Today’s blog post is by Intelligent Management team member Dr. Giovanni Siepe, a theoretical physicist by training and an expert in statistical methods for management.
The scientific community is still looking for confirmation of a seemingly revolutionary scientific discovery: neutrinos travel at a speed faster than light. An experiment was conducted where neutrinos were “shot” from the CERN laboratories, in Switzerland, toward the Gran Sasso laboratories, in Italy, where sophisticated instruments intercepted their “flight”. The measurements have shown that neutrinos covered the distance, 730 Km, in a time that is 60 nanoseconds less than the time the light would have taken to cover it.

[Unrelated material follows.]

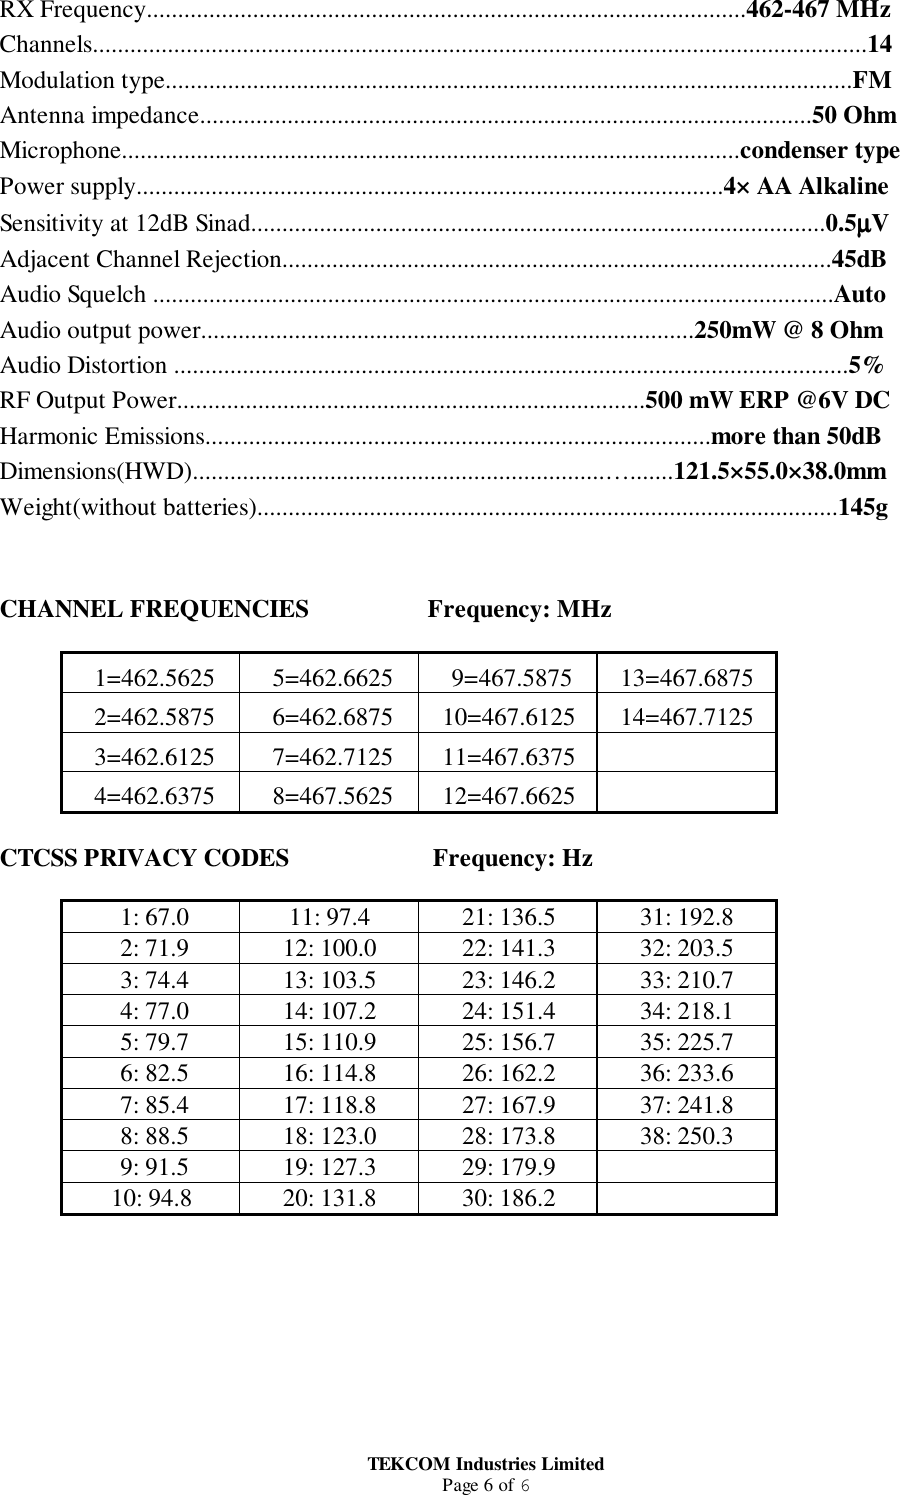 TEKCOM Industries LimitedPage 6 of 6RX Frequency................................................................................................462-467 MHzChannels............................................................................................................................14Modulation type..............................................................................................................FMAntenna impedance..................................................................................................50 OhmMicrophone...................................................................................................condenser typePower supply..............................................................................................4× AA AlkalineSensitivity at 12dB Sinad............................................................................................0.5µµµµVAdjacent Channel Rejection........................................................................................45dBAudio Squelch .............................................................................................................AutoAudio output power...............................................................................250mW @ 8 OhmAudio Distortion ............................................................................................................5%RF Output Power...........................................................................500 mW ERP @6V DCHarmonic Emissions.................................................................................more than 50dBDimensions(HWD)..................................................................….......121.5×55.0×38.0mmWeight(without batteries).............................................................................................145gCHANNEL FREQUENCIES                   Frequency: MHz 1=462.5625  5=462.6625  9=467.5875 13=467.6875 2=462.5875  6=462.6875 10=467.6125 14=467.7125 3=462.6125  7=462.7125 11=467.6375 4=462.6375  8=467.5625 12=467.6625CTCSS PRIVACY CODES                       Frequency: Hz 1: 67.0 11: 97.4 21: 136.5 31: 192.8 2: 71.9 12: 100.0 22: 141.3 32: 203.5 3: 74.4 13: 103.5 23: 146.2 33: 210.7 4: 77.0 14: 107.2 24: 151.4 34: 218.1 5: 79.7 15: 110.9 25: 156.7 35: 225.7 6: 82.5 16: 114.8 26: 162.2 36: 233.6 7: 85.4 17: 118.8 27: 167.9 37: 241.8 8: 88.5 18: 123.0 28: 173.8 38: 250.3 9: 91.5 19: 127.3 29: 179.910: 94.8 20: 131.8 30: 186.2

The question we pose here is: is this innovation?
Scientists are struggling with this one. Is it a measurement error or something really revolutionary? If revolutionary, we are faced with a profound change in the way we have come to see the universe ever since the Special and General Relativity theories developed by Albert Einstein at the beginning of the 20th century.
Let’s assume that the results of the experiment are valid. This then goes beyond innovation to total paradigm shift. We should reconsider what we think about space, time, and space-time. Inevitably, new theories and experiments would arise giving birth to new disciplines and, as a fall out, new technologies.
What if the experiment is proved wrong?
The present scientific community that is working according to “traditional” theories to get more profound insights into the universe will be able to continue their careers with something they know, presumably, better than before. What really matters is that the mere fact that the whole scientific community has been hit by this news will allow scientists to imagine new experiments and new possibilities that were previously unimaginable as a result of the work to invalidate/validate the experiment.
This is how science progresses, from negative and positive results. I’m not saying we have to launch ourselves into the pursuit of something new for the sake of it. What is important to take away from this is that from a “negative” experiment as well as from a “positive” one, we gain the possibility to make new links, develop new linkages, close some gaps, create new synapses, and thus to “innovate”.